Bob Smallwood, deputy chief inspector of railways at the HSE, said the survey of 867 points had found a "handful, maybe one or two handfuls" of nuts that needed tightening. But he added: "That's very different from the events at Potters Bar." Dr Smallwood said the HSE would also be checking a sample of the points already looked at by Railtrack as well as examining points not included in the company's survey.

Jarvis, the engineering company responsible for maintaining the Potters Bar line, said two of the nuts thought to have been loose on Friday had been found out of place nine days before and had to be tightened. On 1 May the nuts were "sitting neatly" underneath bolts, indicating they may have been taken off and not replaced. The two others were in the "immediate vicinity", possibly having been shaken loose.

The engineering firm took responsibility for the east coast main line after a rival company, Balfour Beatty, was stripped of the contract in the wake of the crash in October 2000 at Hatfield, 10 miles north of Potters Bar. But one Jarvis director gave a strong indication that sometimes track examinations by the company's employees could be cursory. He said workers often checked points by simply looking at them and "giving them a kick". The offending points were checked the day before the crash and given the all-clear. Since the disaster, shares in Jarvis have slumped from 520p to 387.5p.

The Prime Minister admitted yesterday that the railways were going to take "a lot more time and money" to improve. Tony Blair said he had full confidence in Stephen Byers, the Secretary of State for Transport, although he refused to comment on Mr Byers' suggestion that he would be in the post at the next general election.

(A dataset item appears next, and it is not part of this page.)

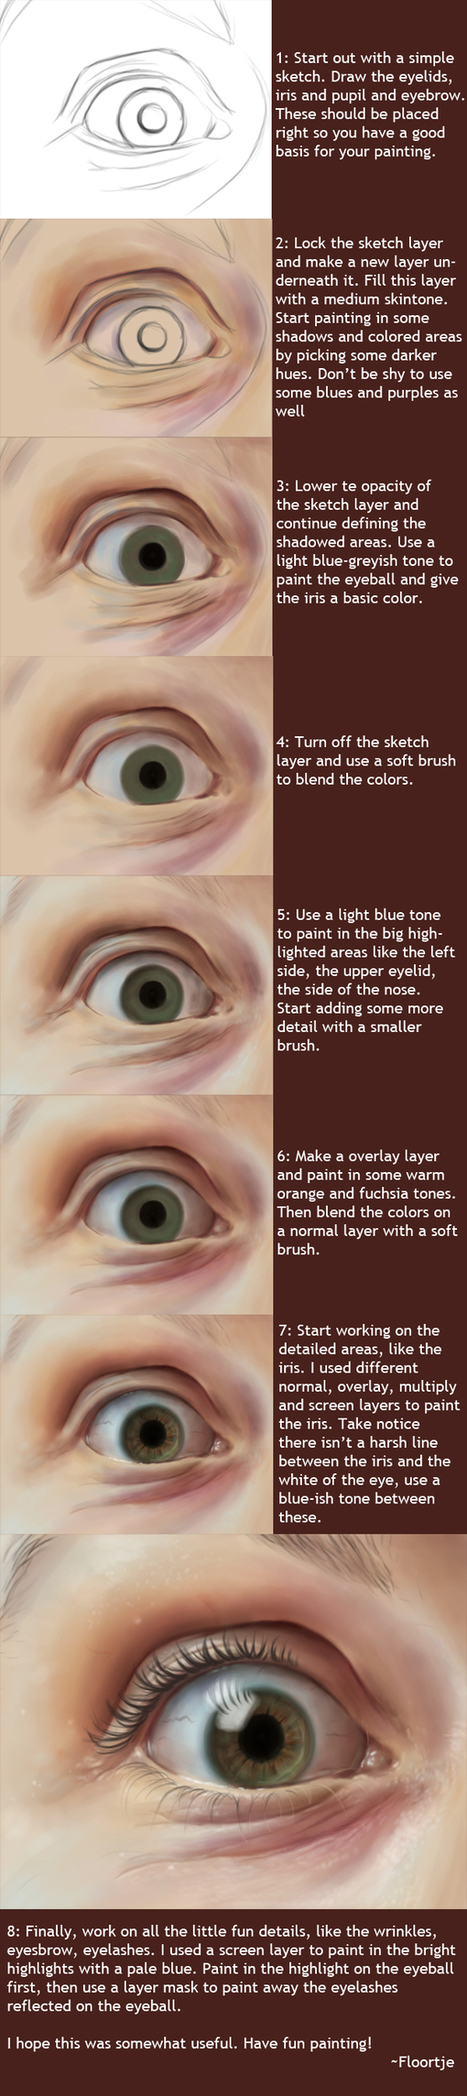 Eye Tutorial What the heck | Drawing and Painting Tutorials | Scoop.it

Bob Crow, general secretary of the RMT rail union, insisted warnings had been given – if not to Railtrack then to contractors – about the state of the track in the Potters Bar area.

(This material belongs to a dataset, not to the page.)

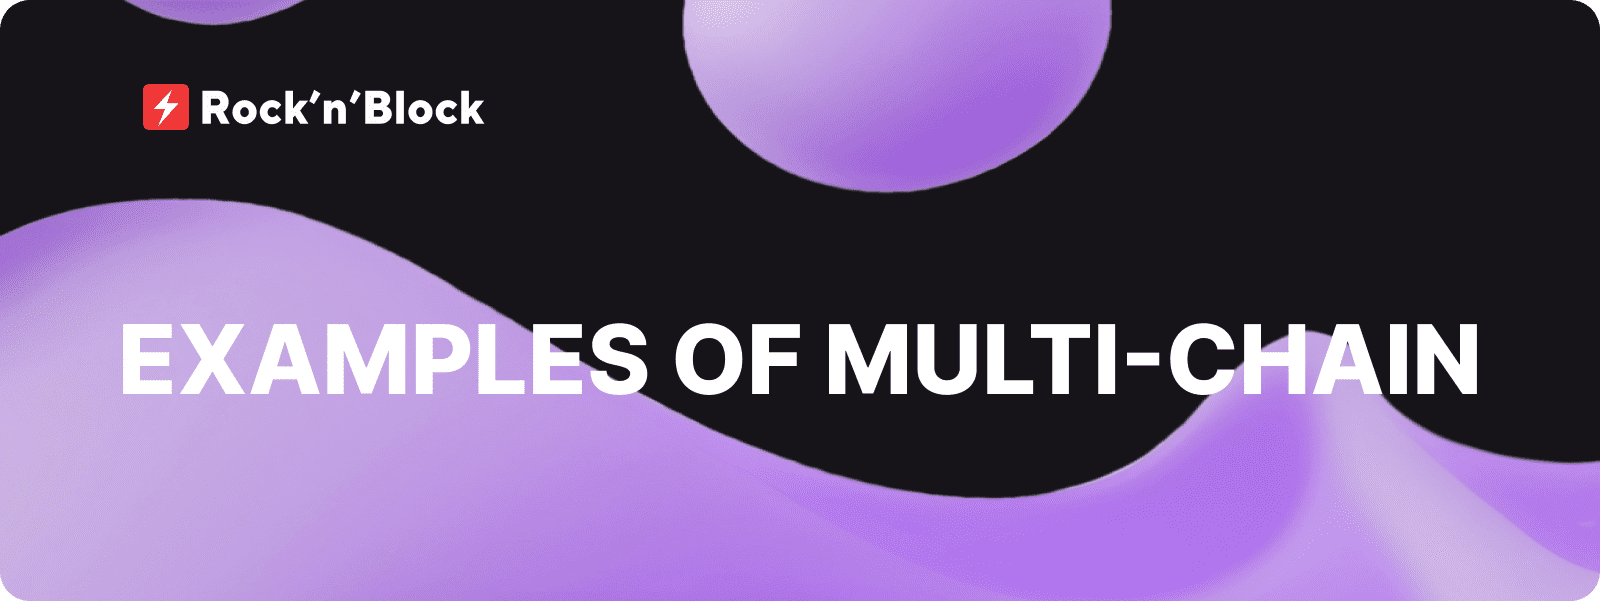 Examples of Multi-Chain projects

He said: "We have seen photographic evidence as well as written evidence that complaints were made by experienced rail workers within the area, not just at Potters Bar, but from [London] King's Cross right the way through to Potters Bar, on the bad state of the track." Mr Crow said he suspected the warning went to a contractor who failed to "pass it through the loop to Railtrack".

Mr Crow said the decision not to hold a public inquiry was "completely unacceptable". He has written to Bill Callaghan, chairman of the Health and Safety Commission, seeking an urgent meeting to press the case for it. "Not only must the inquiry be public, it must also have a broader remit to look at the way work is contracted in the railway industry."

Earlier yesterday Richard Bowker, chairman of the Strategic Rail Authority, said Railtrack had been reviewing the degree to which their senior managers controlled the work by contractors. He believed strong day-to-day control was not necessarily the safest approach, but such policies should be continually reassessed. He said they had been working together since the Potters Bar tragedy, avoiding the "panic, meltdown, infighting and blame" which followed the Hatfield disaster in 2000.

Yesterday, a Nigerian prin-cess, widow of one victim, talked of her "loving husband". Prince Alexander Adetunji Mubo Ogonwusi, 42, of Tulse Hill, south London, who was in the rear carriage, was in line to rule over 50 million subjects worldwide as a king of the Nigerian kingdom of Oduwa and the tribe of Yoruba.

Princess Olusola said: "I can't think of myself having a better husband than Alex. He was loving, always showing his affection openly to me and everybody, to his children. His children were his priority."

* Vandals, thought to be children aged 10 and 11, put metal football goalposts across the path of a Banbury-to-Paddington express 24 hours after the Potters Bar crash, police said. The driver braked but the three-carriage passenger train hit the posts, damaging the engine. No one was injured.